### Data
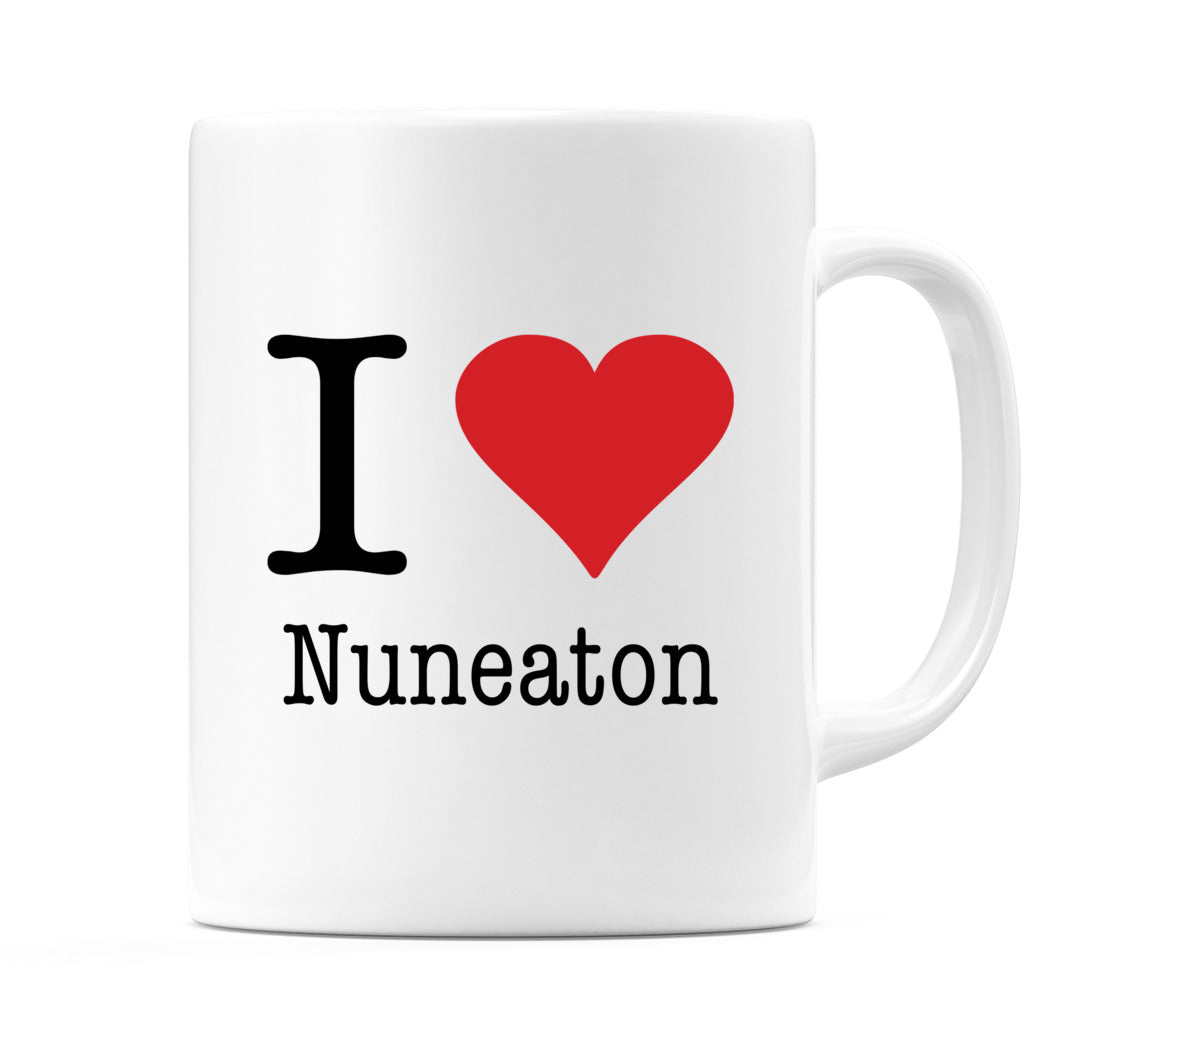 I Love Nuneaton Mug
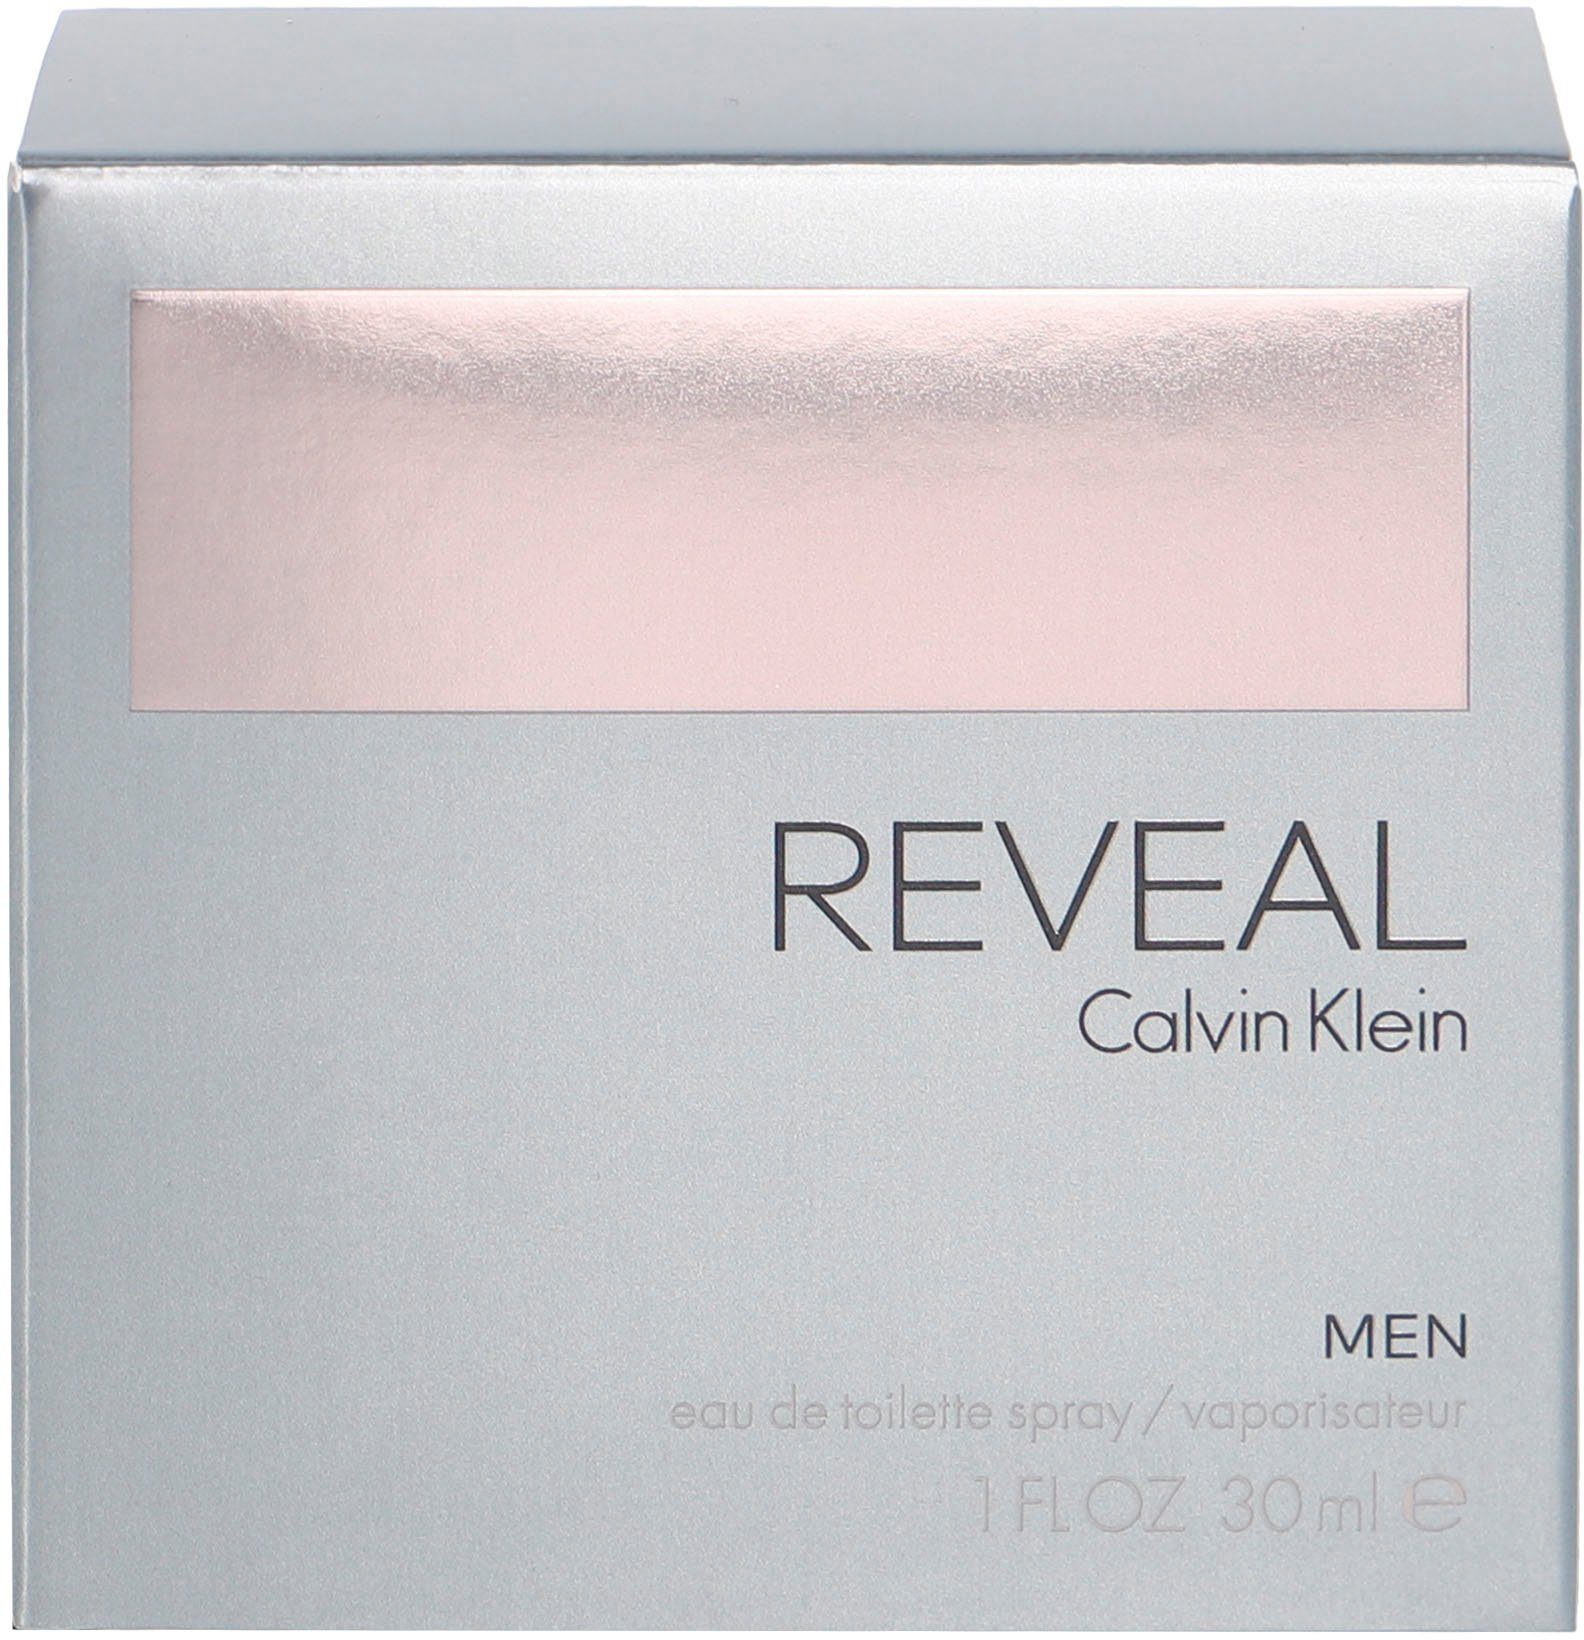 Calvin Klein Toilette de Reveal Men Eau
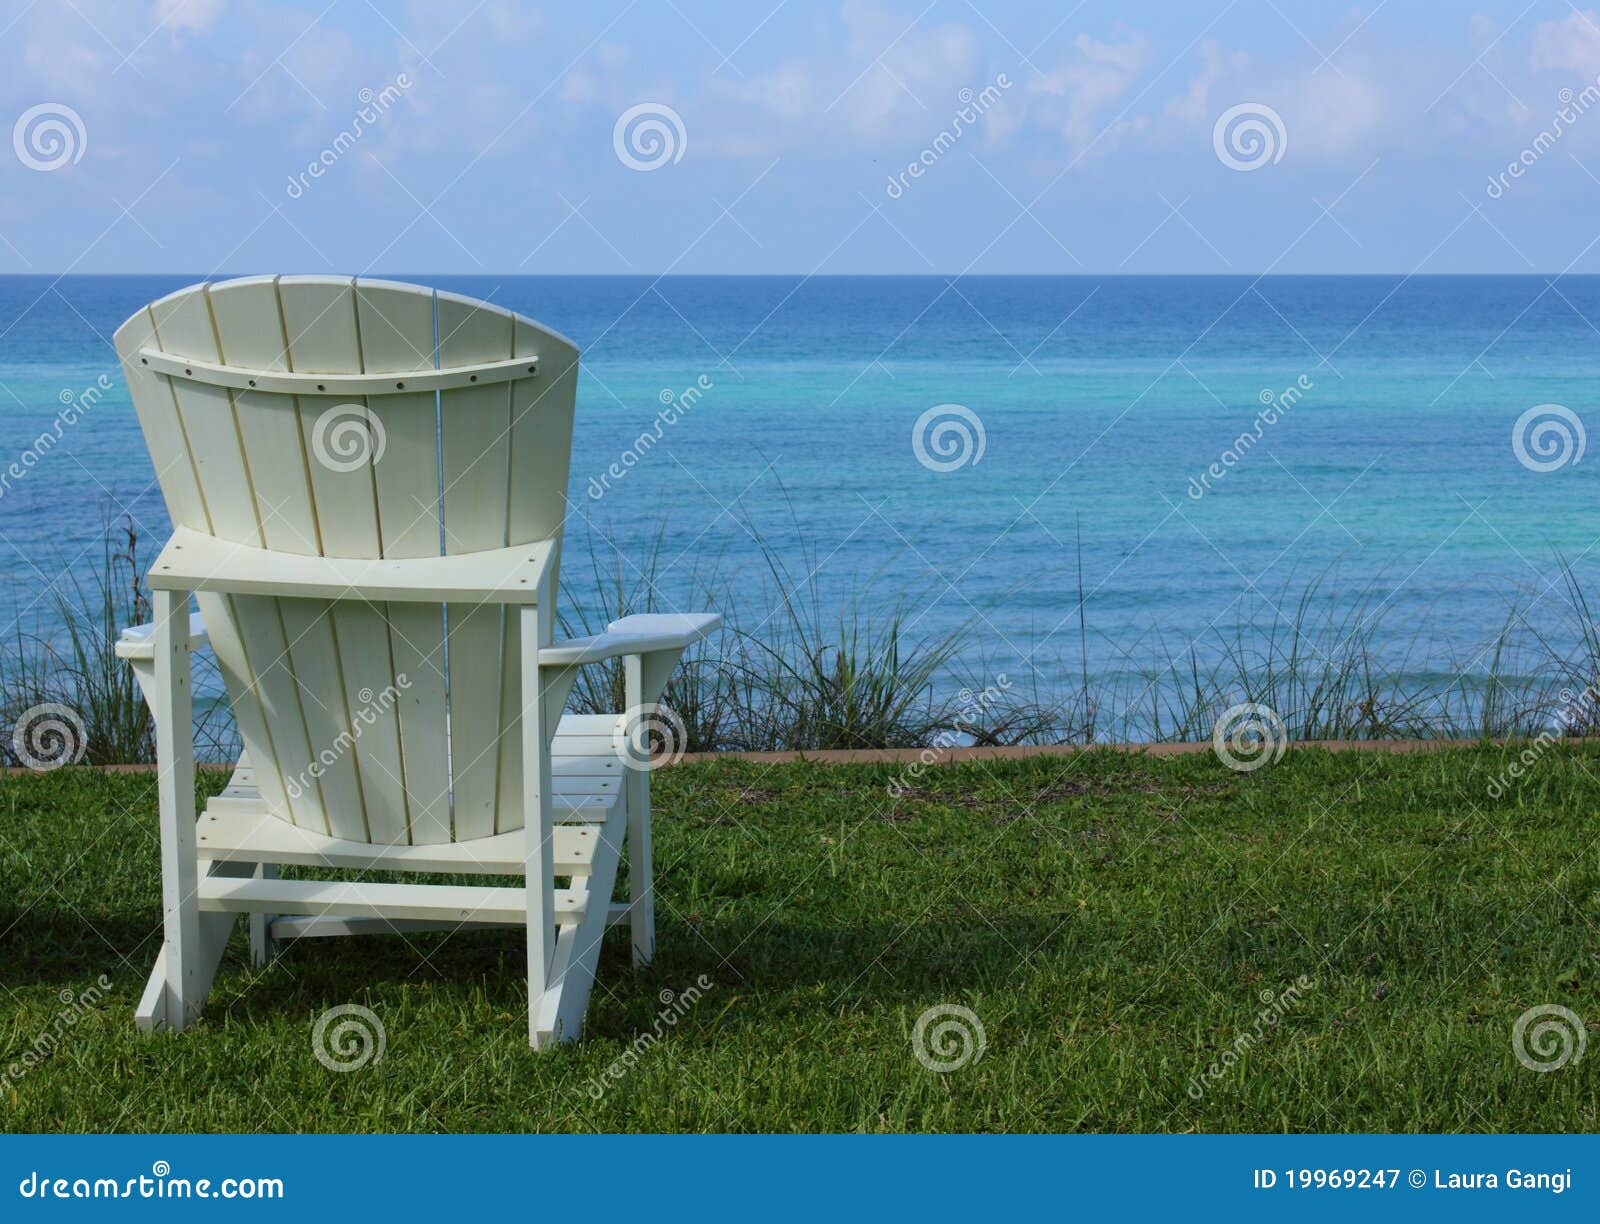 adirondack beach chair with ocean view

### Instructions to follow
Would you transcribe all of the data exactly, omitting any pictures?

### The completed task
 I Love Nuneaton Mug
 Calvin Klein Toilette de Reveal Men Eau
 adirondack beach chair with ocean view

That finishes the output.